Zargos Ecstasy and the Terminal Brain Grope are providing the impetus for the rebellion.

Zargos, a larger than life character based on Bob Dylan, Hendrix, Jagger, Jim Morrison and Bowie, struts the stage, putting his poems to music and rousing the spacefreaks to seek social justice.

If you lived through the sixties you’ll recognise it all.


The beginning

Hilan Hilzar sat back into the posture form sensopadding of his couch seat. He was so full of tension that the living contouring did little to reduce the tightness of his muscles. He could not relax. The huge effort of holding back the excitement was making is body rigid. His mind was clamping down on his torso like a crushing weight so that the pressure welled up inside him. His heart felt swollen, writhing around in his chest. His flesh was actually jumping and twitching as if some high voltage current was flowing through his veins. He was worried that it would trigger the seat’s resuscitation unit. It might consider him at risk and ping him with a sedative.

For weeks now his whole existence seemed to have been building up to this climax. At first it had all seemed unreal – an eternity away. It had crawled towards him at a krank-snail’s pace; like it would never arrive. It had devoured his concentration leaving him unable to think of anything else. Then it had simply rushed and the impossible day had arrived.

The journey here was a haze of unreality. He had spent the entire time peering around himself in disbelief. It could not really be happening. Reality was divorced from the evidence of his senses.
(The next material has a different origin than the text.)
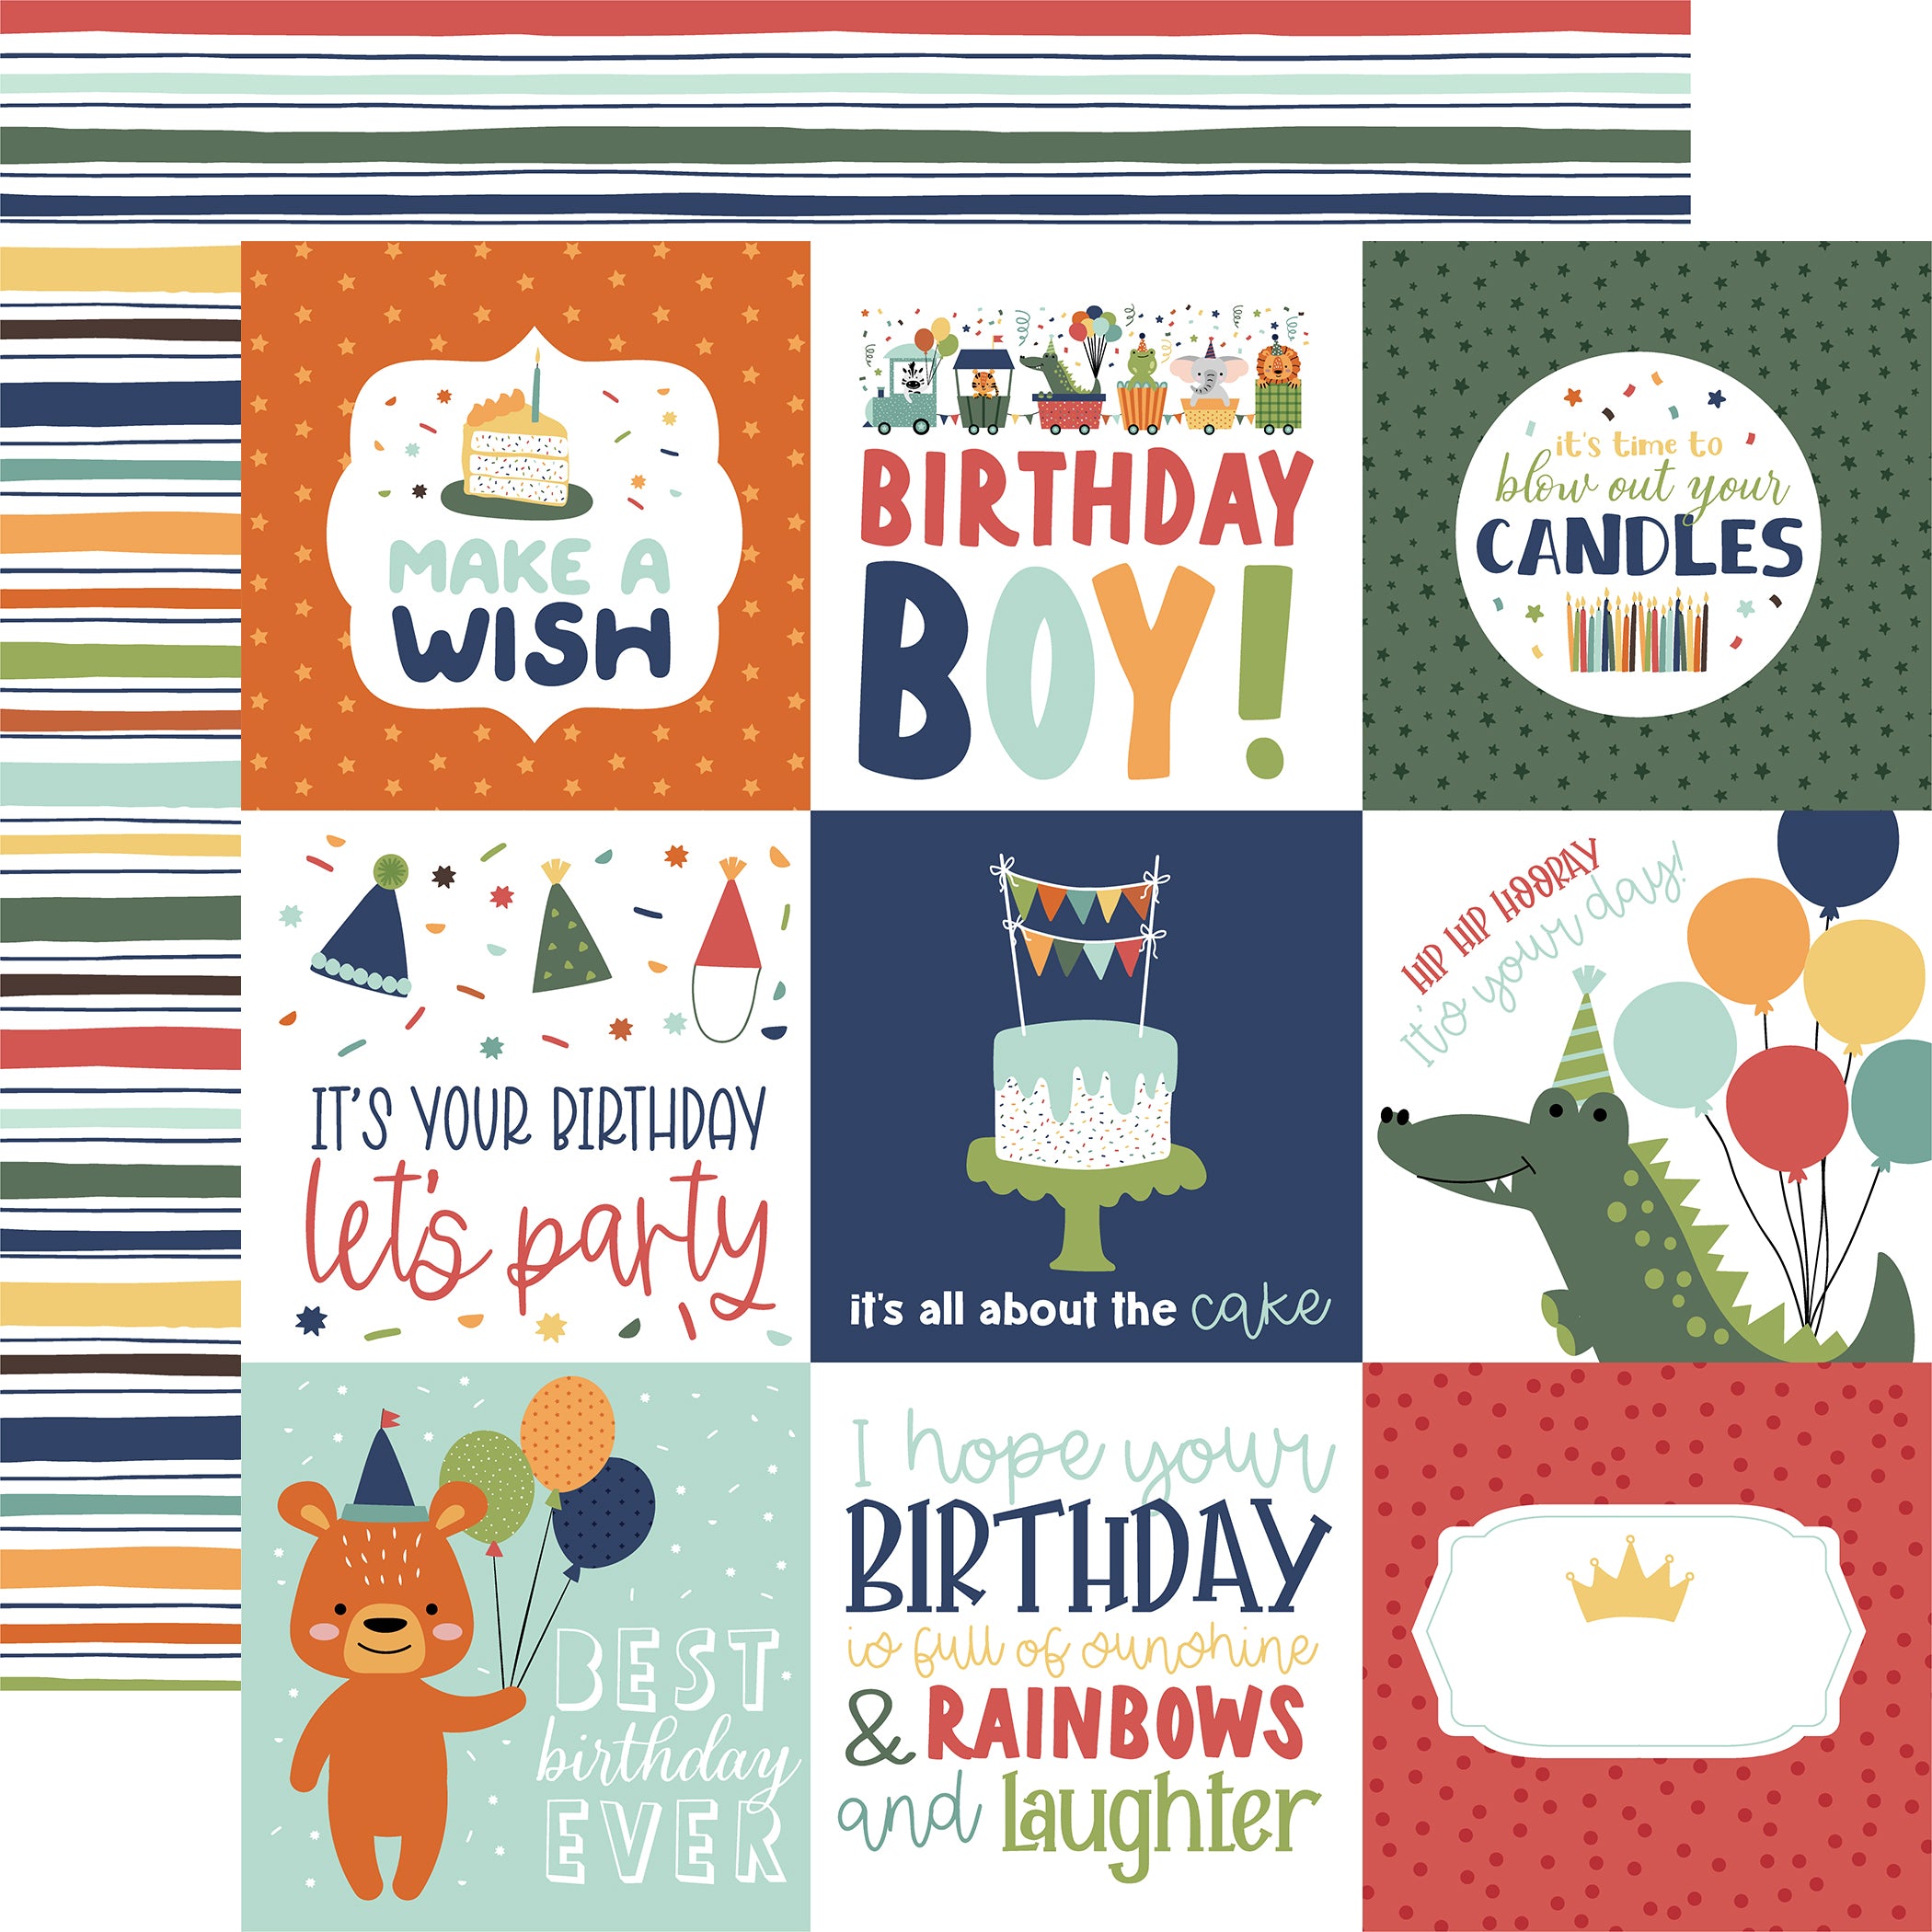 A Birthday Wish Boy Collection 13-Piece Collection Kit by Echo Park Paper-12 Papers, 1 Sticker

He sat back into the seat and took a deep breath as the sensopadding rippled calmingly around him. His mind refused to operate properly. Only fragments of the journey were registering. He’d been in a dream. It was a wonder that he had got here at all. He had vague recollections of boarding the ship and then the jump. Somehow the surge had only barely registered at all. Who could believe that? He had burned through the colour shifts with all the interest of a veteran traveller or some spoilt rich kid to whom hyperspace was a regular event. Instead of being astounded by the brilliance he had just wanted it to end; to arrive. His mind had not been there at all. Even the re-entry was just a dream that washed over him. It was almost forgotten. It meant nothing. His mind was already ahead of him, dancing at his destination. In his head he was already there. This entire journey, no matter how amazing, had been no more than a necessary nuisance to be endured. The terminal had been awash with a multitude of beings as aliens mingled with humans and he allowed himself to be wafted along with the flood of the crowd. They were borne along on a babbling sea of excitement that engulfed them all.

It was as if he only really awoke when he entered the arena. He stood for a minute open-mouthed as the crowd washed past him, boggling at the immensity of it. He was here. He really was. Only then did he dare to let himself believe. He allowed himself to look around as he was checked by an automated usher, conveyed and deposited into his allocated seat. All the while he had been in a trance.

As he came to, excitement welled up inside him as he accepted that he was actually here. He had made it. He bounced to his feet and found himself jumping up and down madly waving to the various groups of friends in his immediate vicinity, the same friends he had not even registered on his journey here.

After a while he had calmed down sufficiently to settle back down into his seat. He could barely contain himself. There were still hours to wait.

A sun was up casting hard sharp shadows. The sky glowed with a deep violet blue bathing the audience with its soft gleam. It would be nightfall before anything happened. He forced himself to calm down. His body would surely give out if it continued at this pitch. He did not want to burn out before it even started.

The sun set below the curved horizon leaving a crystal clear void sprinkled with a billion stars like fine salt on black obsidian. They hung like a pall of smoke over the crowd. There were no gaps between the specks just differences of intensity. It was so clear that one could imagine there was no air or Plexiglas between them. It made him aware that this was a moon; no planet could possibly have created such clarity.

Hilan decided it was time to drop his tablet of Amaz.